:: DATASET EXTRACT

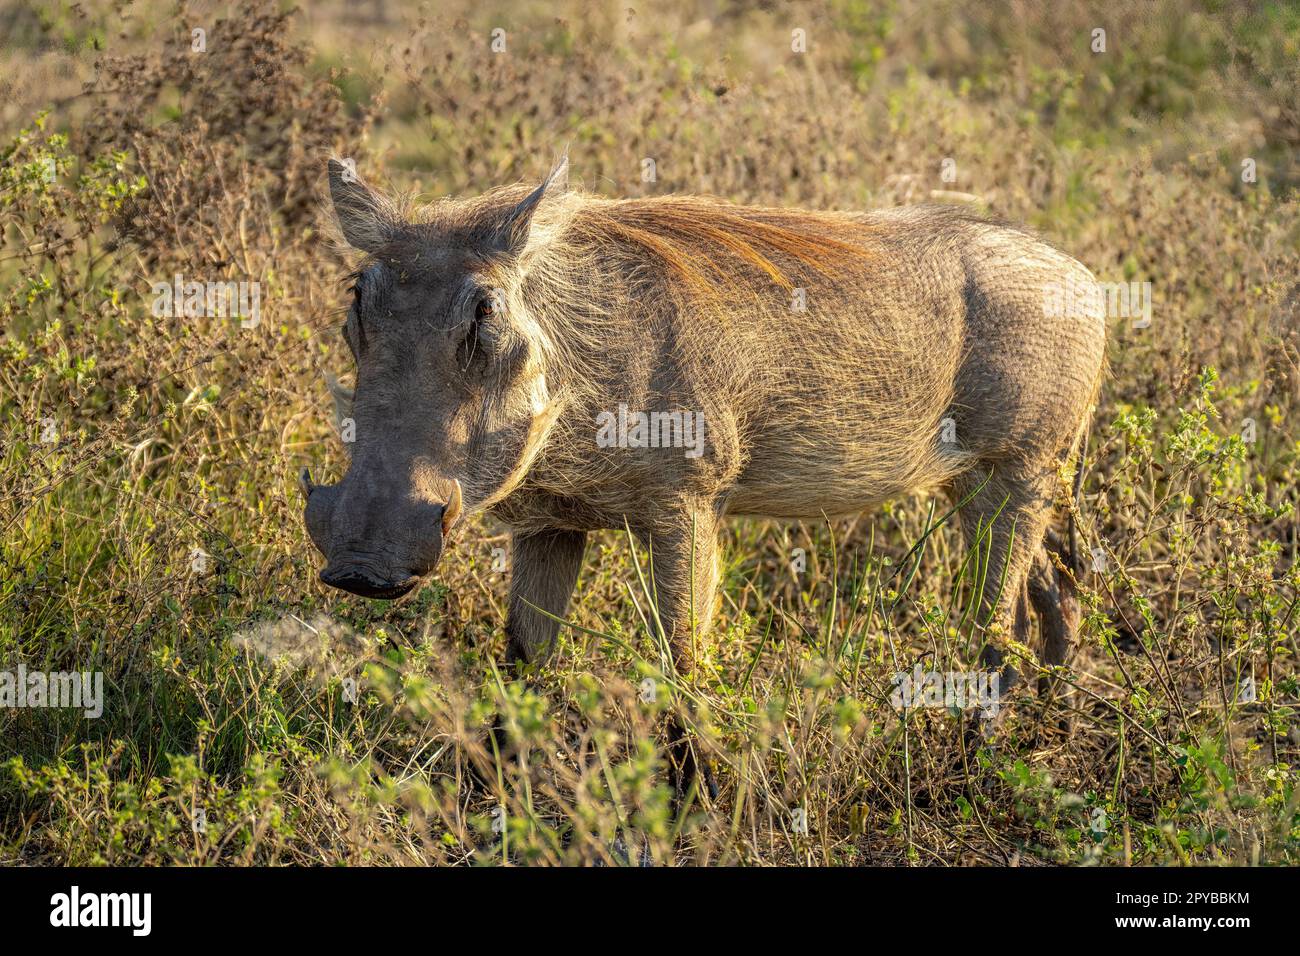 Ein gewöhnliches Warzenschwein steht in einer Graslinse Stockfoto
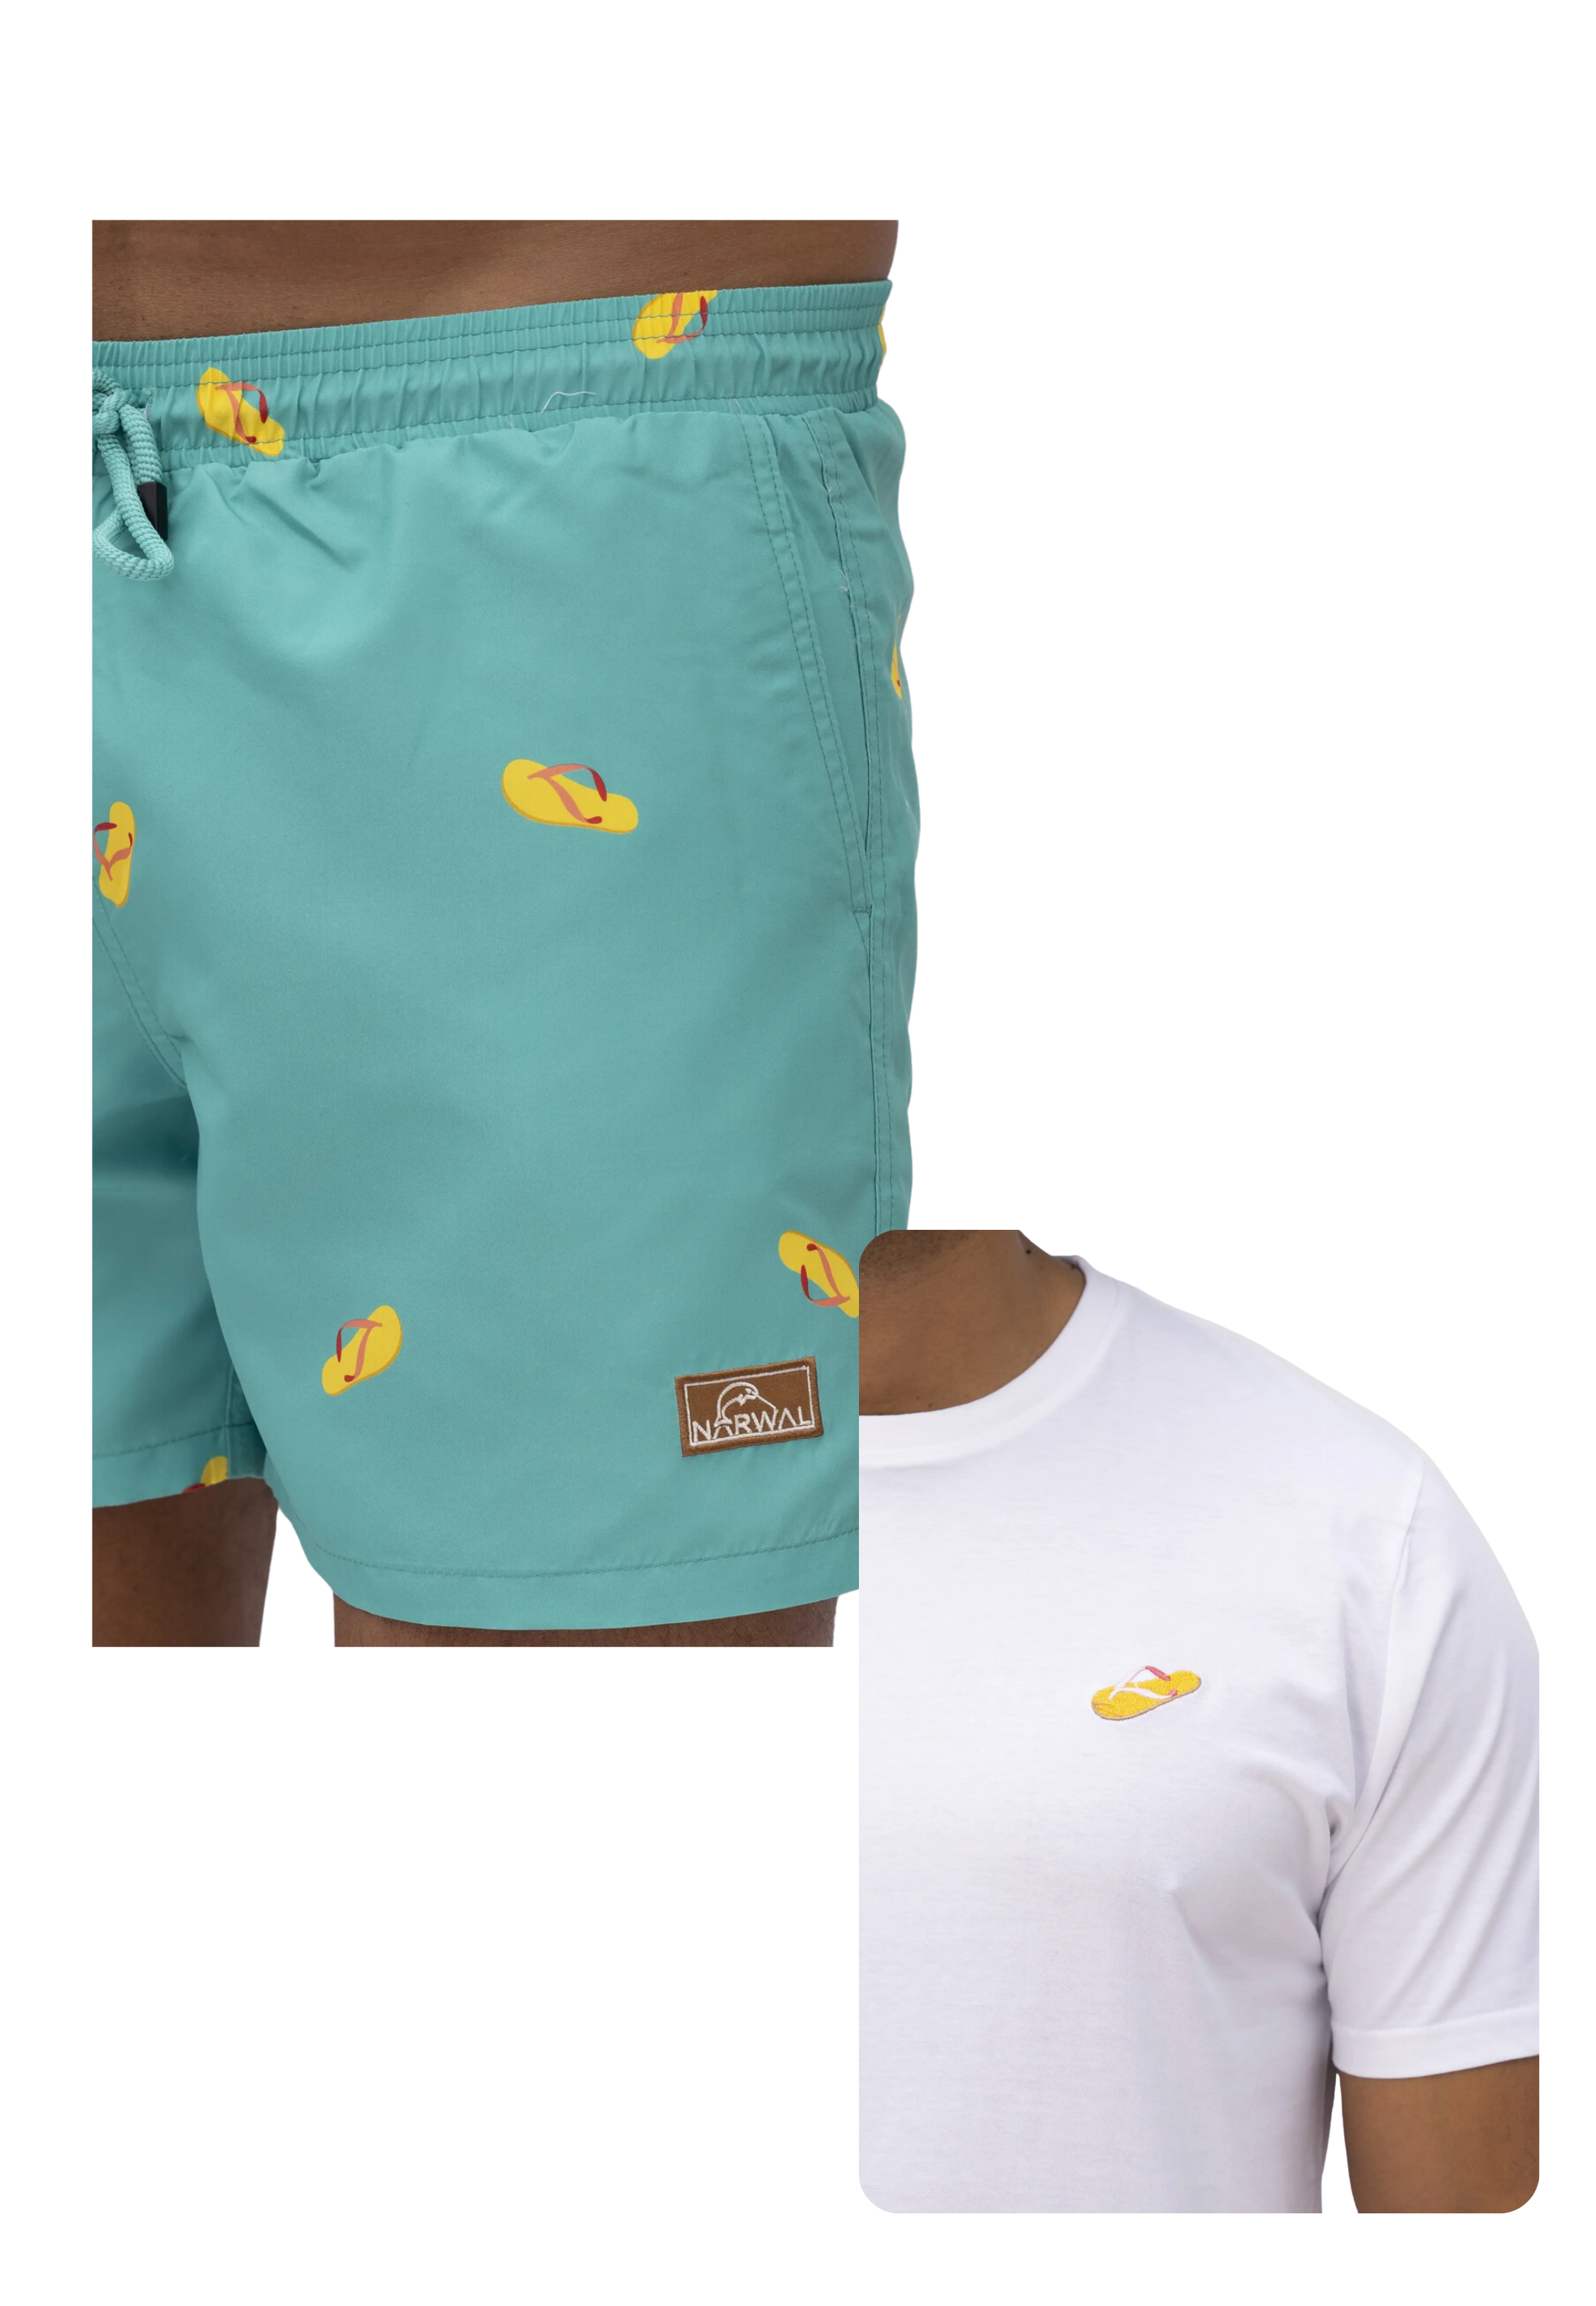 Flip-Flop Swim Trunks and T-shirt Bundle
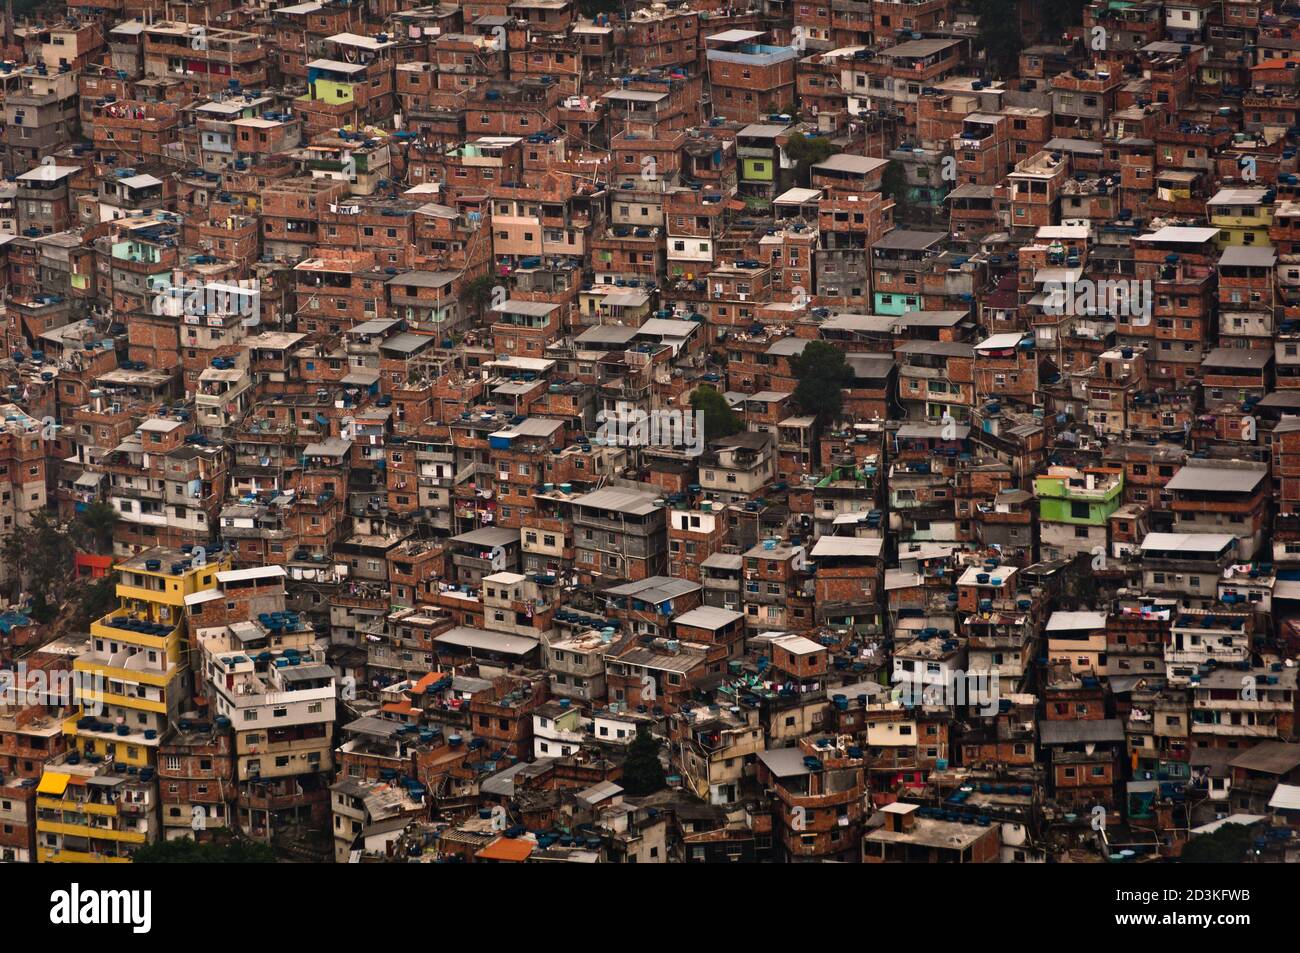 Favela da Rocinha, der größte Slum (Shanty Town) in Lateinamerika. Das Hotel liegt in Rio de Janeiro, Brasilien, hat es mehr als 70,000 Einwohner. Stockfoto
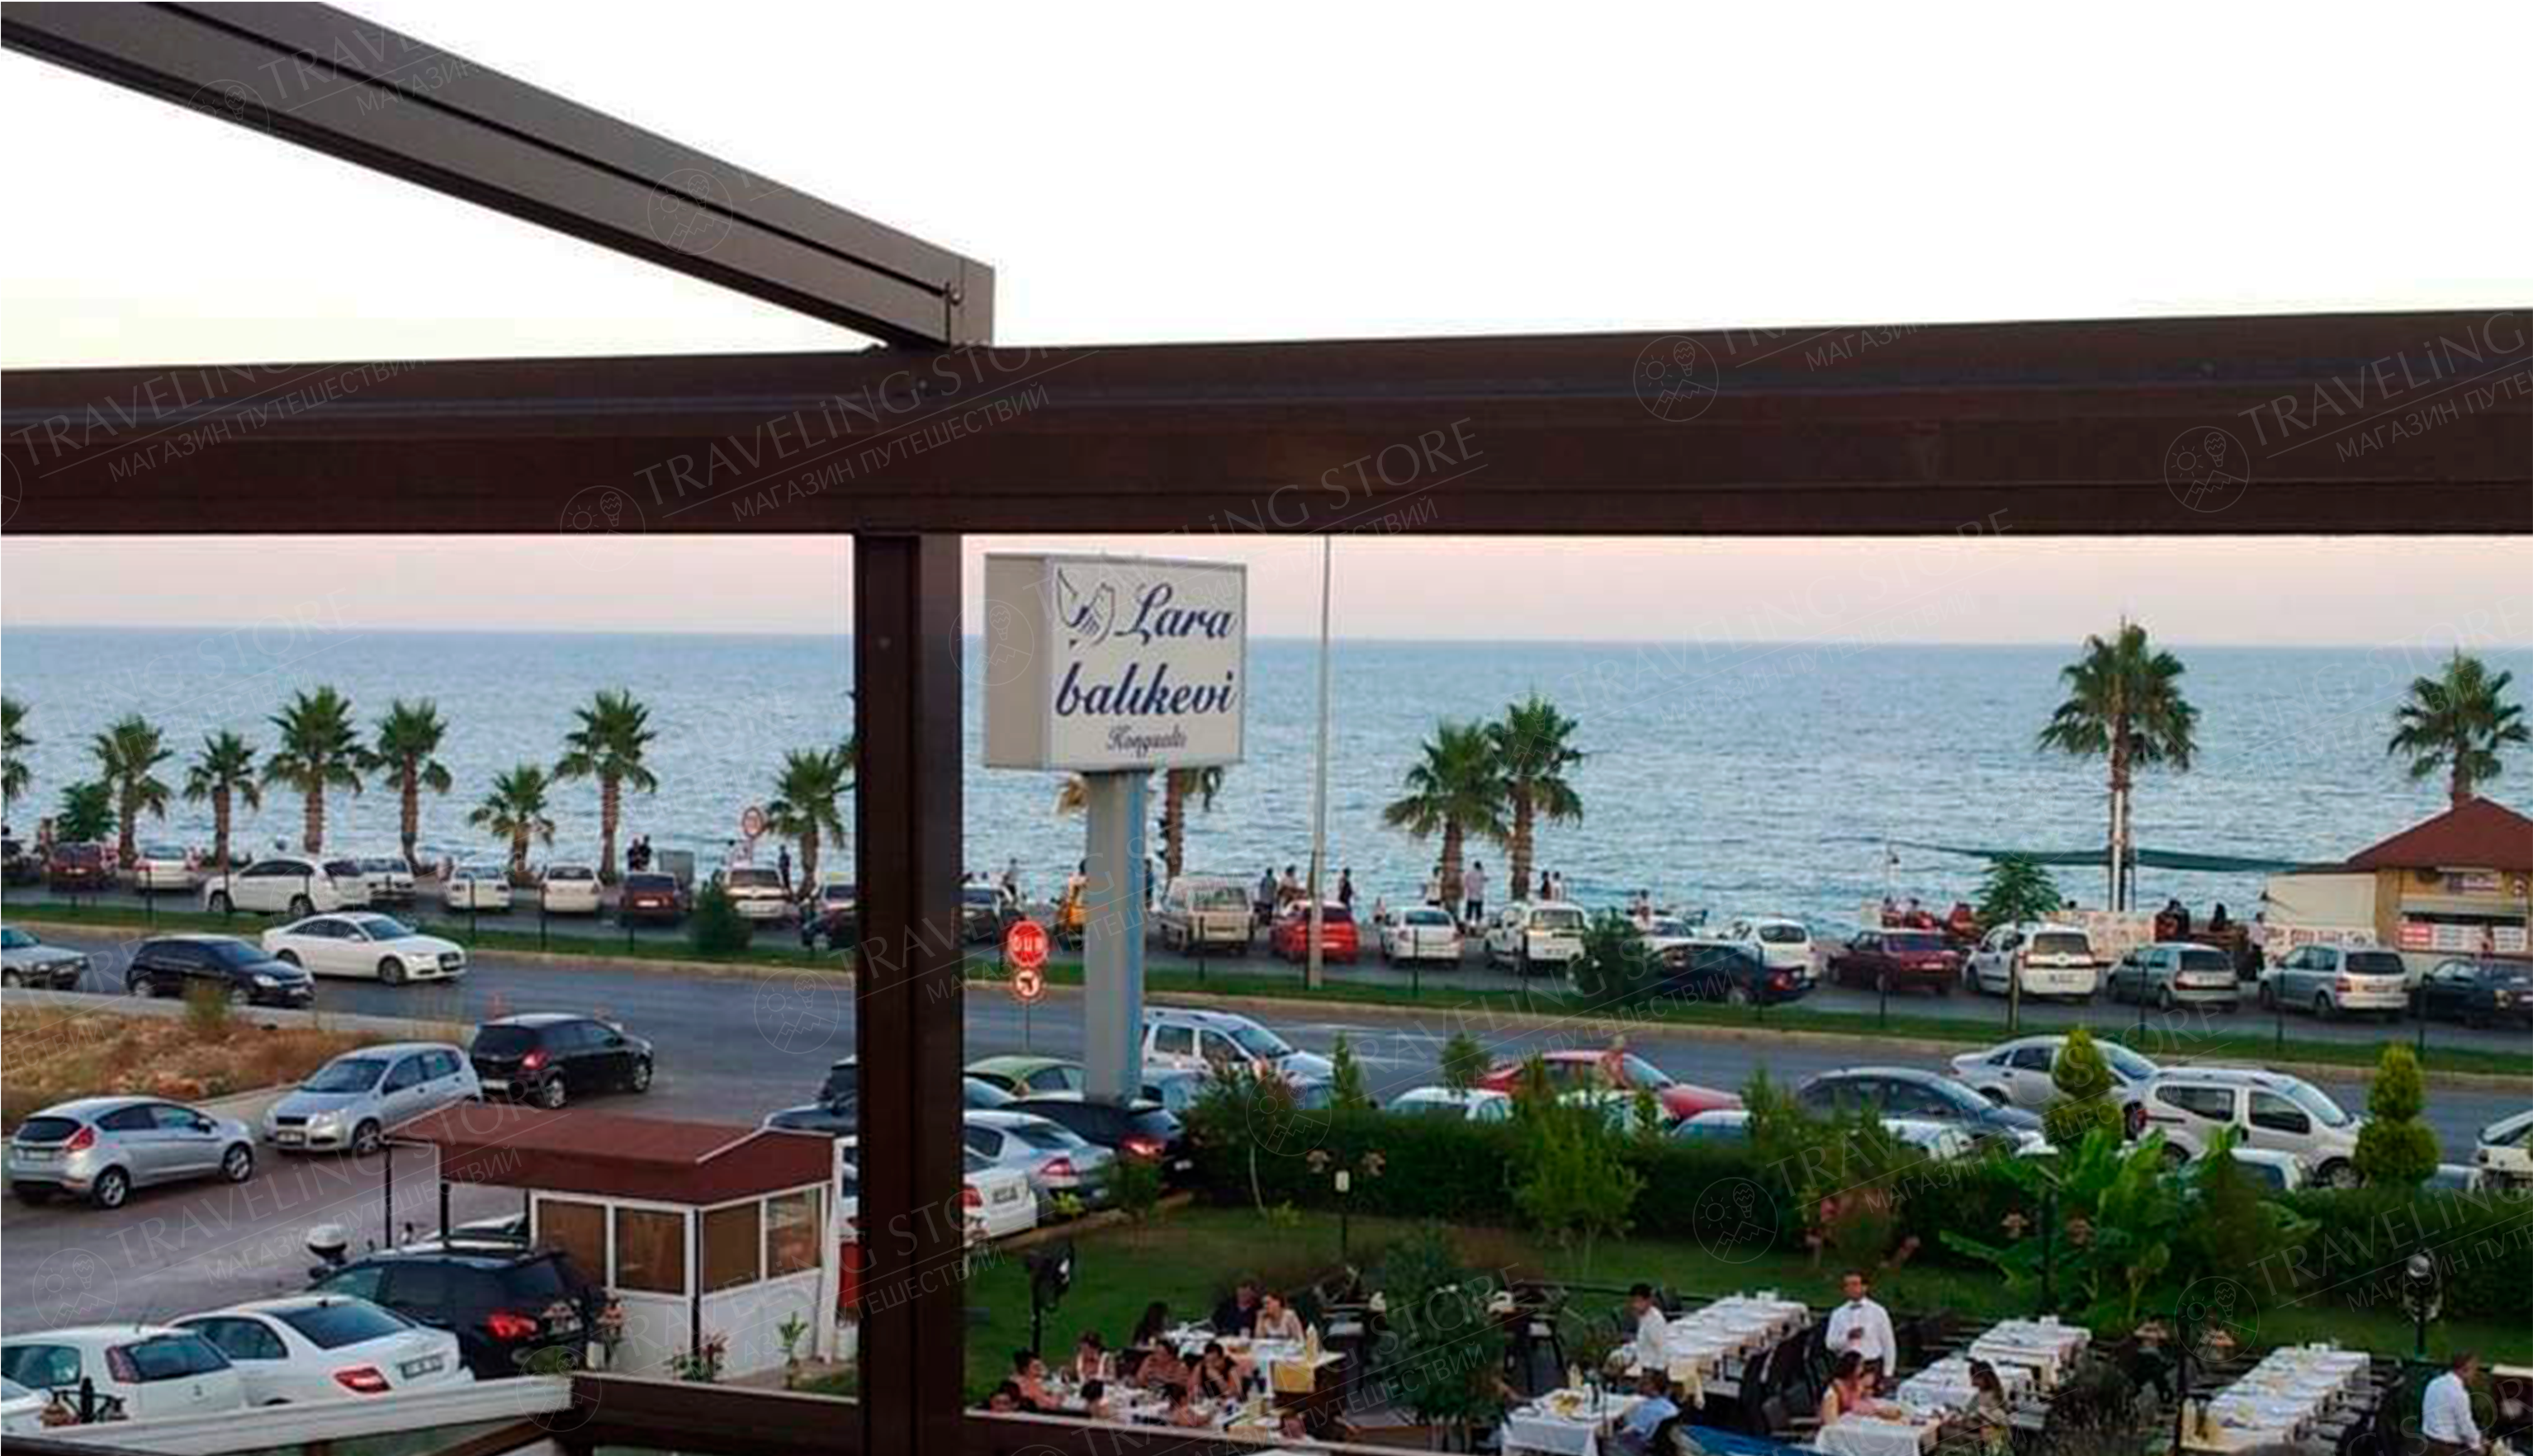 Restaurant Antalya Balık evi from Antalya

::::

● **WORK ITEM**: The full listing must come back exactly as written, with its pictures left out.

● **YOUR RESPONSE**:
 Ein gewöhnliches Warzenschwein steht in einer Graslinse Stockfoto
 Flip-Flop Swim Trunks and T-shirt Bundle
 Favela da Rocinha, der größte Slum (Shanty Town) in Lateinamerika. Das Hotel liegt in Rio de Janeiro, Brasilien, hat es mehr als 70,000 Einwohner. Stockfoto
 Restaurant Antalya Balık evi from Antalya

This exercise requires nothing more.